WHAT THE TASK REQUIRES:
Below is a listing; print exactly its lines from the one containing "Limpopo Coronavirus Covid-19" down to the one containing "Plastic Roll 2mm", both inclusive, with every picture left out.

RECORDED DATA:

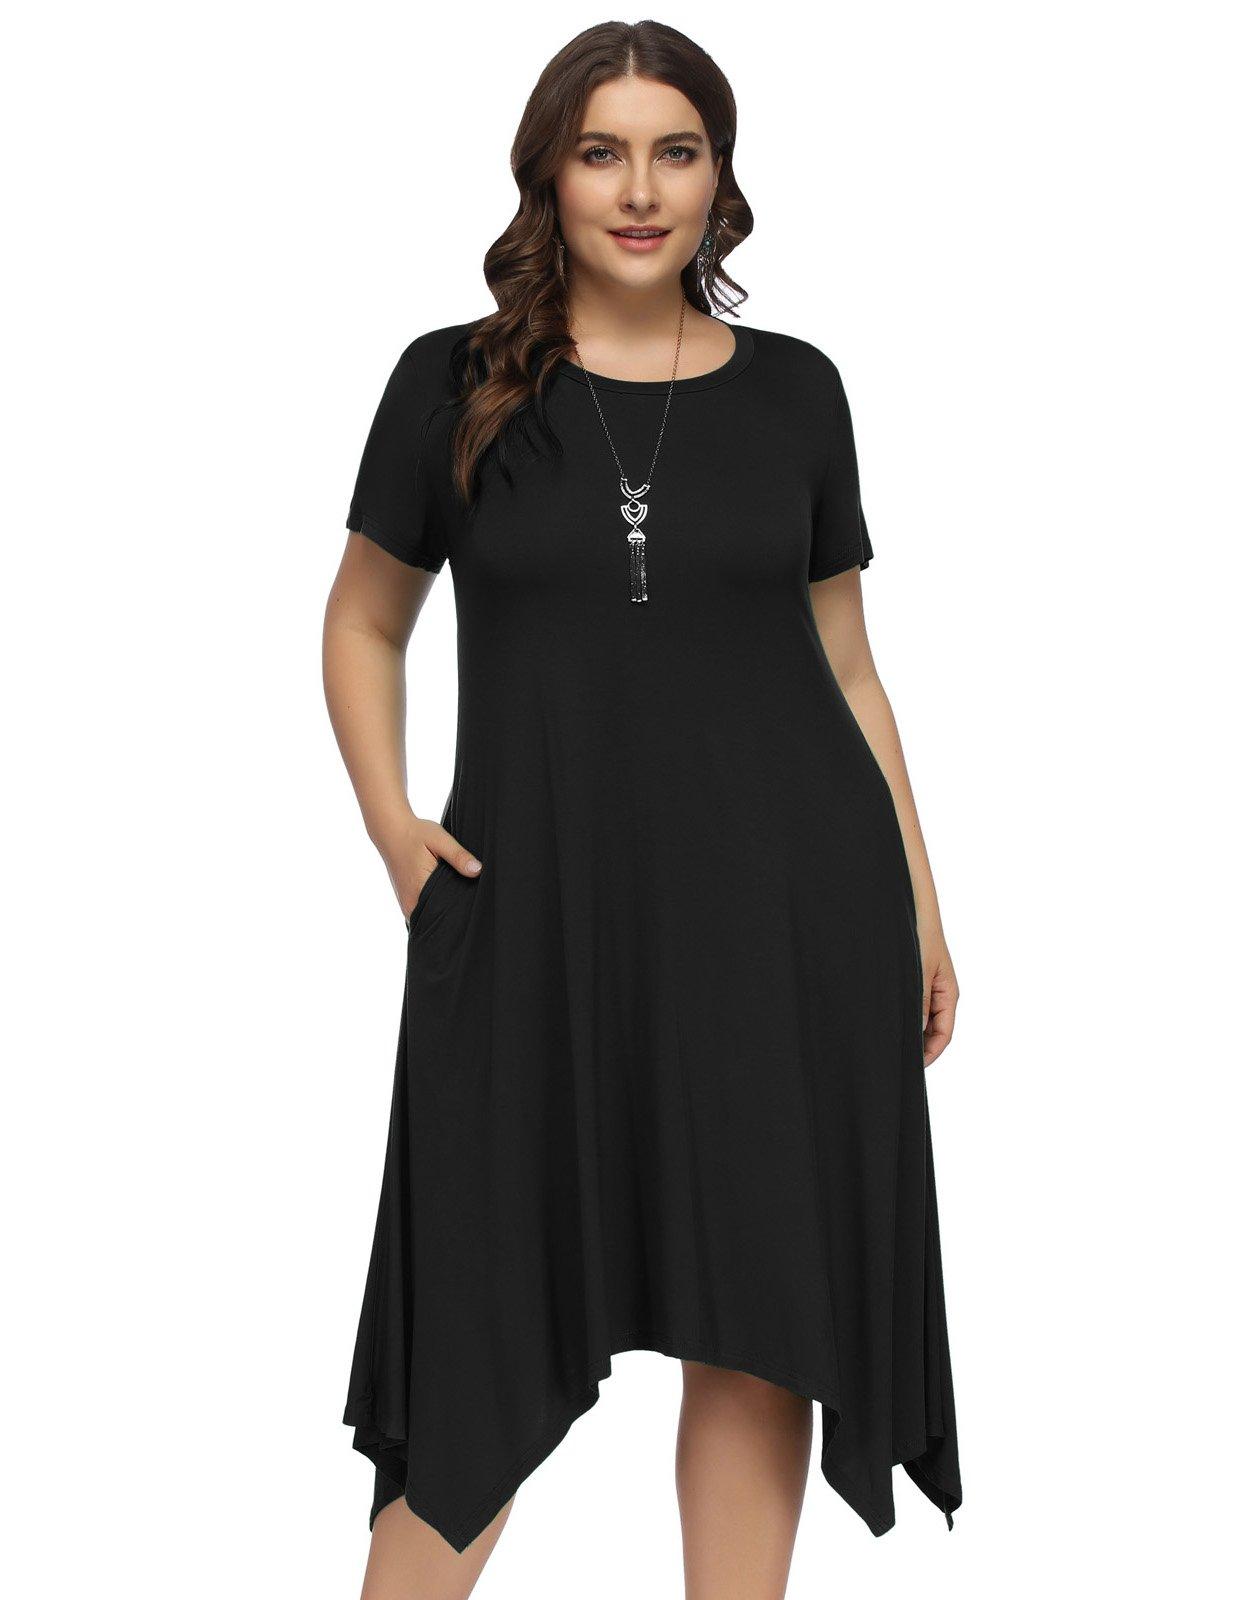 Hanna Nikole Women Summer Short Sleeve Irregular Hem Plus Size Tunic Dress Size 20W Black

--

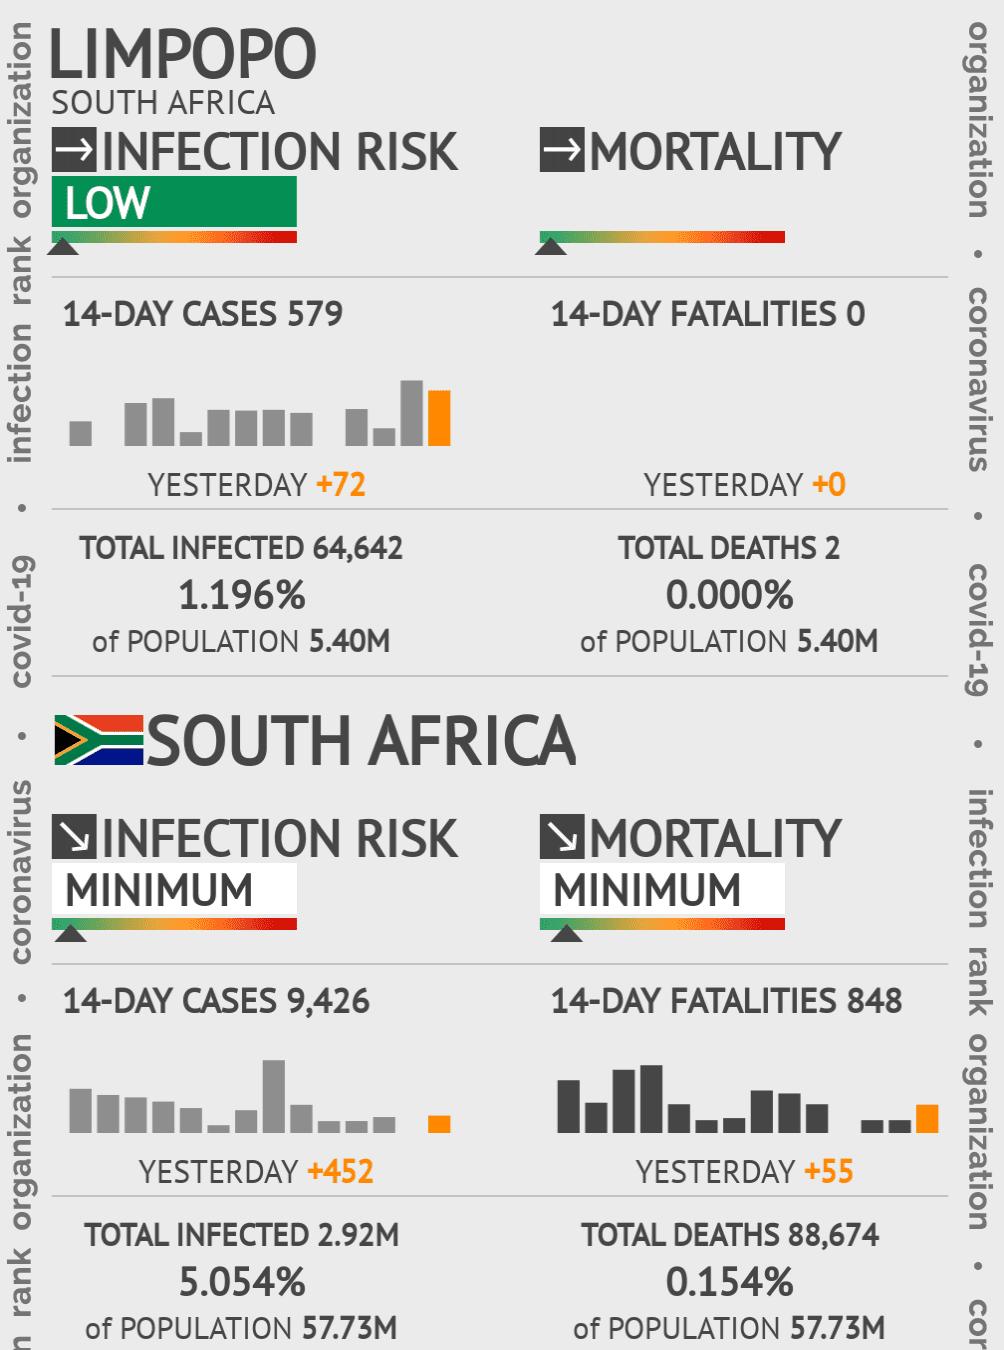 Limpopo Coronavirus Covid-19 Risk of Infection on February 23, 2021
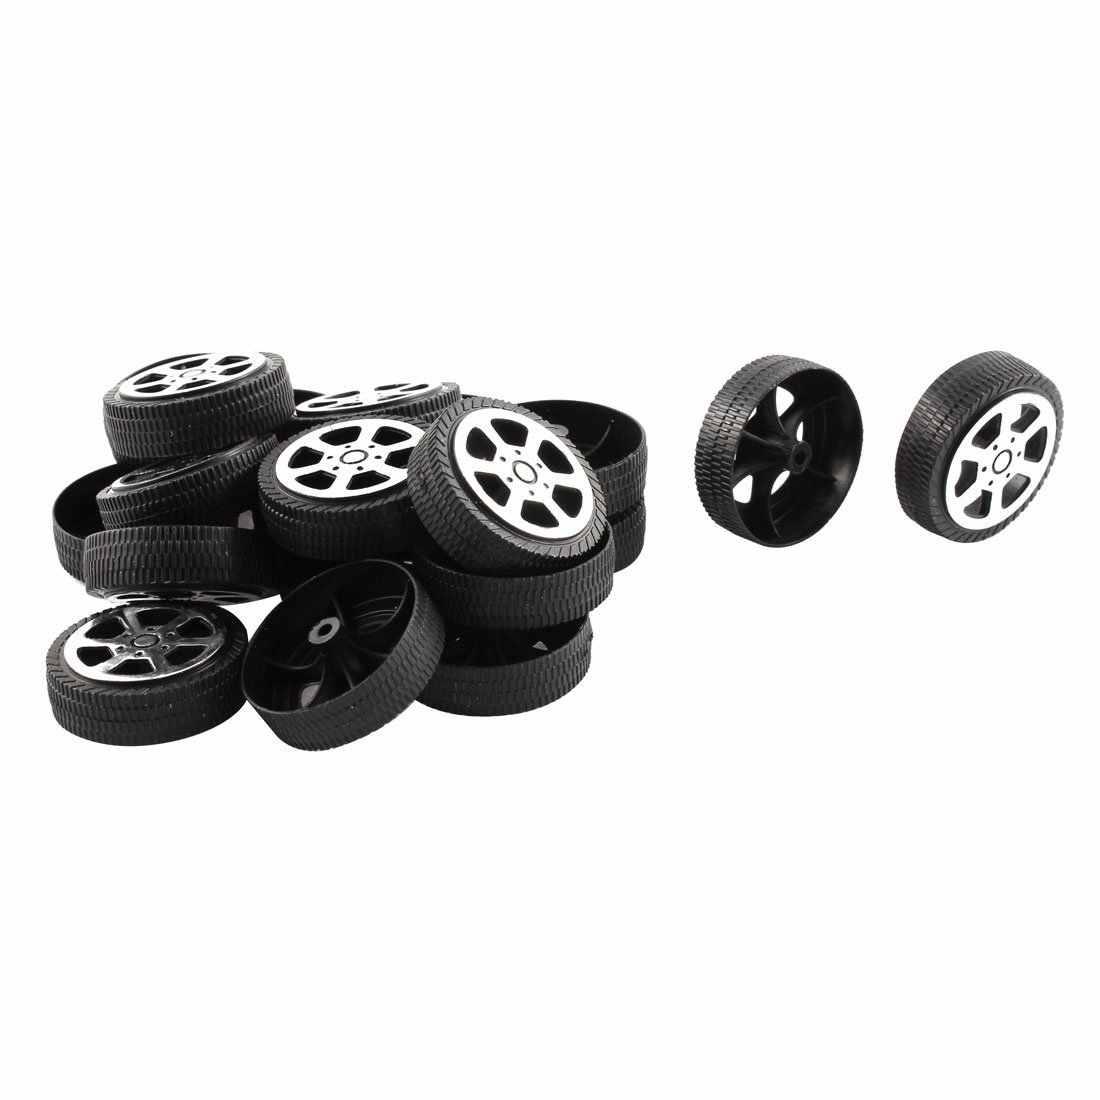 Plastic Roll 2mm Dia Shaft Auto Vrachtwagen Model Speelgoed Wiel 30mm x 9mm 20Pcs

SOLUTION:
 Limpopo Coronavirus Covid-19 Risk of Infection on February 23, 2021
 Plastic Roll 2mm Dia Shaft Auto Vrachtwagen Model Speelgoed Wiel 30mm x 9mm 20Pcs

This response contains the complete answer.